Alcohol[edit | edit source]

Alcohol is a mind-altering drug that reduces thinking ability, distorts judgment, and acts as a depressant on the body. Research has suggested that alcohol leads to increased dopamine release in the human brain, bringing on feelings of relaxation and happiness.[1] Although this drug is often used during recreation for the purpose of feeling good, it should not be used in combination with exercise because of the serious negative physiological effects that it has on the body.

One of the most easily observable effects of alcohol on the body is dehydration. When alcohol is consumed, anti-diuretic hormone (ADH) is inhibited, causing less water to be absorbed back into the nephrons in the kidneys when urine is cycling through. This causes urine levels to increase, in turn increasing the frequency of urination. With higher levels of water exiting the body, dehydration is likely to occur. This is especially a problem during exercise, when the body is expelling water in the form of sweat as well. It is important to be fully hydrated for a workout; therefore it is dangerous to consume alcohol before or during exercise. Research has suggested that beverages containing up to 4% alcohol can delay the recovery process from dehydration to rehydration. [2] Alcohol not only leads to dehydration; it also prevents humans from reaching rehydration in a timely manner, which could be deadly in a situation regarding exercise.
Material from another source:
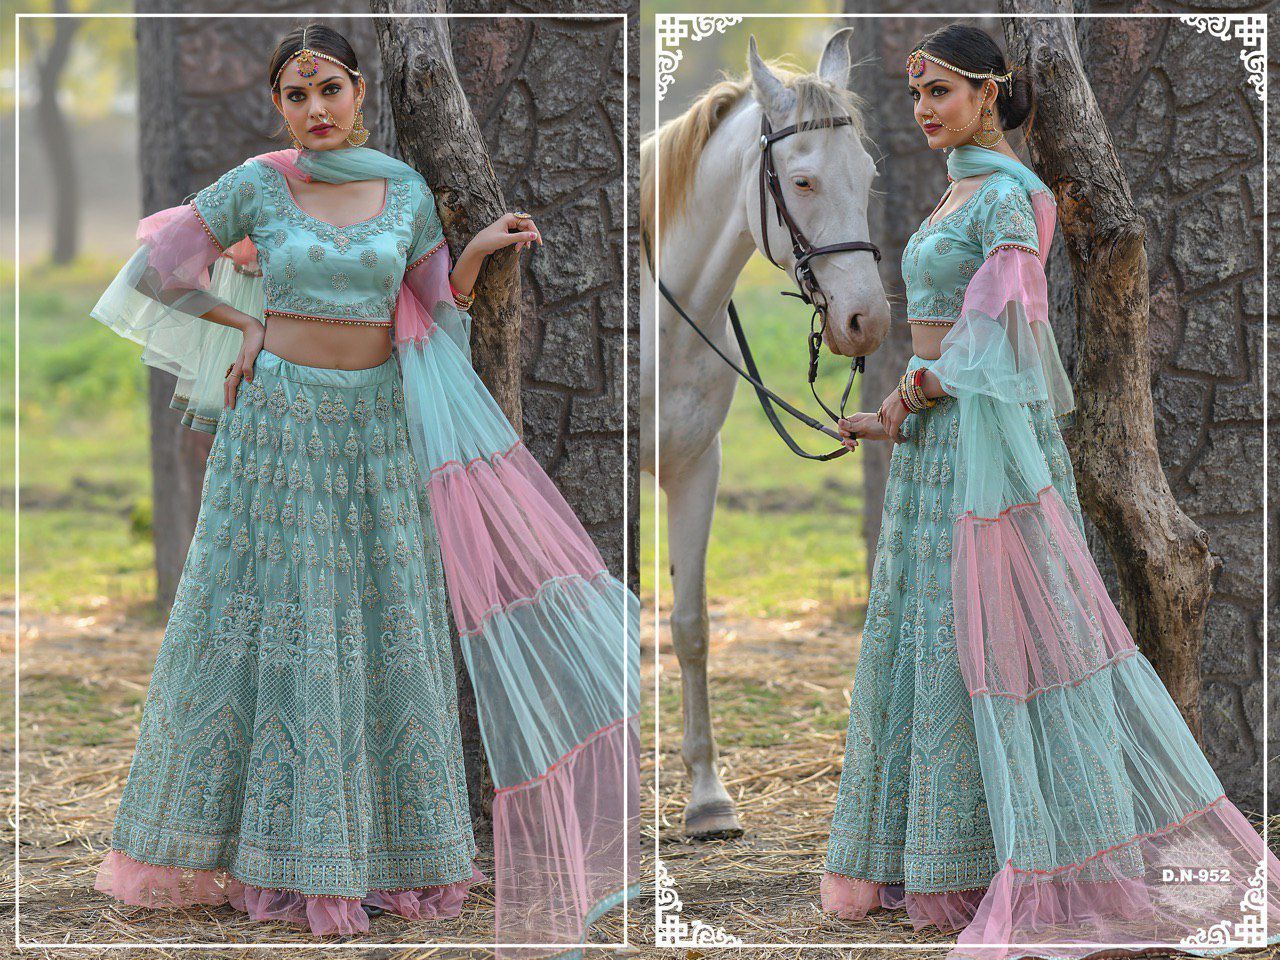 Designer pearl blue pink embroidery - $135

Another important physiological effect that alcohol has on the body deals with blood pressure. Alcohol consumption increases blood and plasma volume, which in turn increases blood pressure. Exercise has a similar effect; the sympathetic immune system is stimulated, leading to vasoconstriction and ultimately increasing blood pressure. To practice safe exercise, it is important not to elevate blood pressure too high beforehand. Research has recommended that alcohol consumption be reduced in order to maintain healthy and safe blood pressure levels.[3] Likewise, it is unsafe to consume alcohol before or during exercise because blood pressure levels may rise to dangerous levels.

Perhaps the most important physiological effect that alcohol has on the body is that which concerns the heart. Research has shown that intoxication by alcohol directly relates to impairment of cardiac contractility. Depending on how much alcohol was consumed, cardiac contractility was impaired at varying levels; a lighter intoxication lead to less impairment while a heavier intoxication lead to greater impairment.[4] Exercise causes heart rate to increase, requiring a great deal of cardiac contractility. If the heart is impaired by because of alcohol intoxication, blood may not be pumped sufficiently throughout the body during exercise. Therefore, if a person plans on exercising, they should either drink lightly or not at all in an attempt to keep their heart working properly.

Anabolic Steroids[edit | edit source]

Anabolic steroids are drugs that have many neuropsychiatric effects in addition to the more commonly known effects they have on skeletal muscles. Anabolic steroids cause not only negative feelings like intense anger, but also some positive moods. Some of the negative feelings people have resulting from the use of anabolic steroids include irritability, mood swings, violent feelings, anger, and hostility [5]. Among the positive feelings related to steroid use include euphoria, increased energy, and sexual arousal [5]. Steroids are also linked to other cognitive symptoms like distractibility, forgetfulness, and confusion [5]. All of these effects result from steroid use alone, without exercise. These impacts on mood could have either positive or negative effects on exercise, depending on feelings of the person exercising.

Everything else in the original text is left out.